**ACTION ITEM**:
With the pictures removed, the data below must be transcribed in full and exactly.

**DATASET CONTENT**:
....
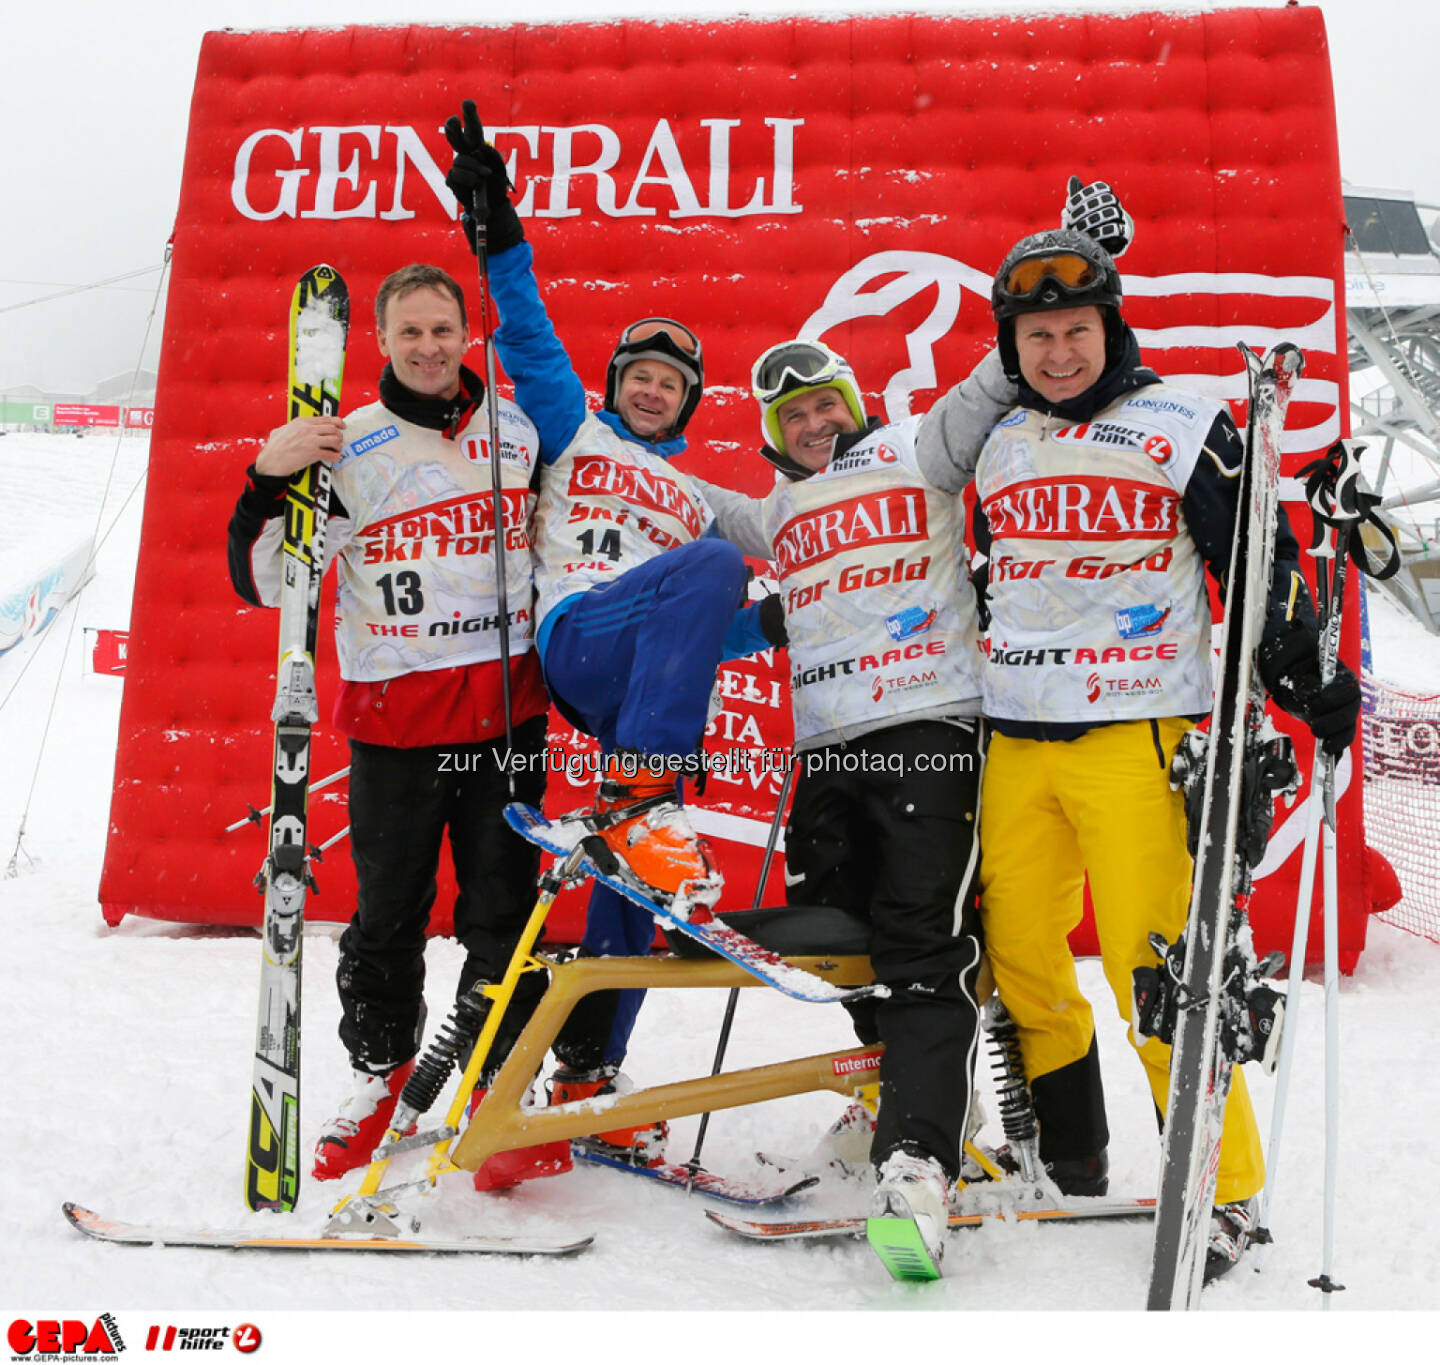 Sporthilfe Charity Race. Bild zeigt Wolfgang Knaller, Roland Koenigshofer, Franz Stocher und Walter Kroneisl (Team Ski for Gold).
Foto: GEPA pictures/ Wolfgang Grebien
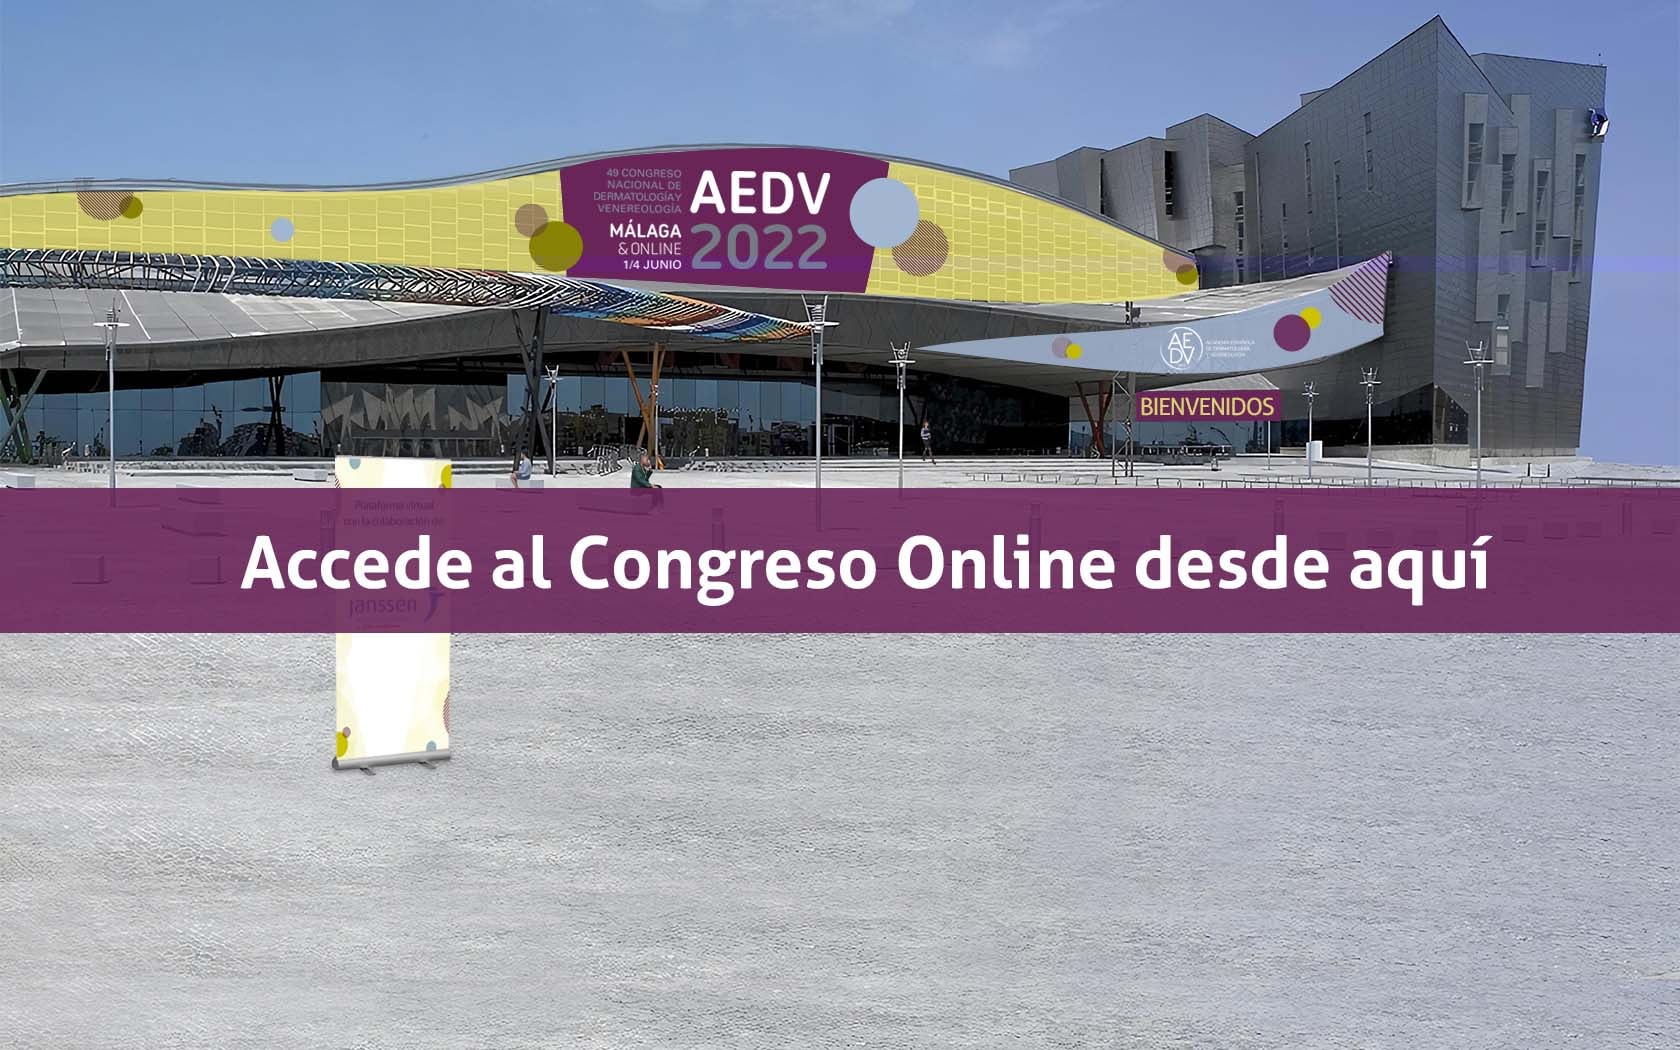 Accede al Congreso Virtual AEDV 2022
....
**ANSWER BOX**:
 Sporthilfe Charity Race. Bild zeigt Wolfgang Knaller, Roland Koenigshofer, Franz Stocher und Walter Kroneisl (Team Ski for Gold).
Foto: GEPA pictures/ Wolfgang Grebien
 Accede al Congreso Virtual AEDV 2022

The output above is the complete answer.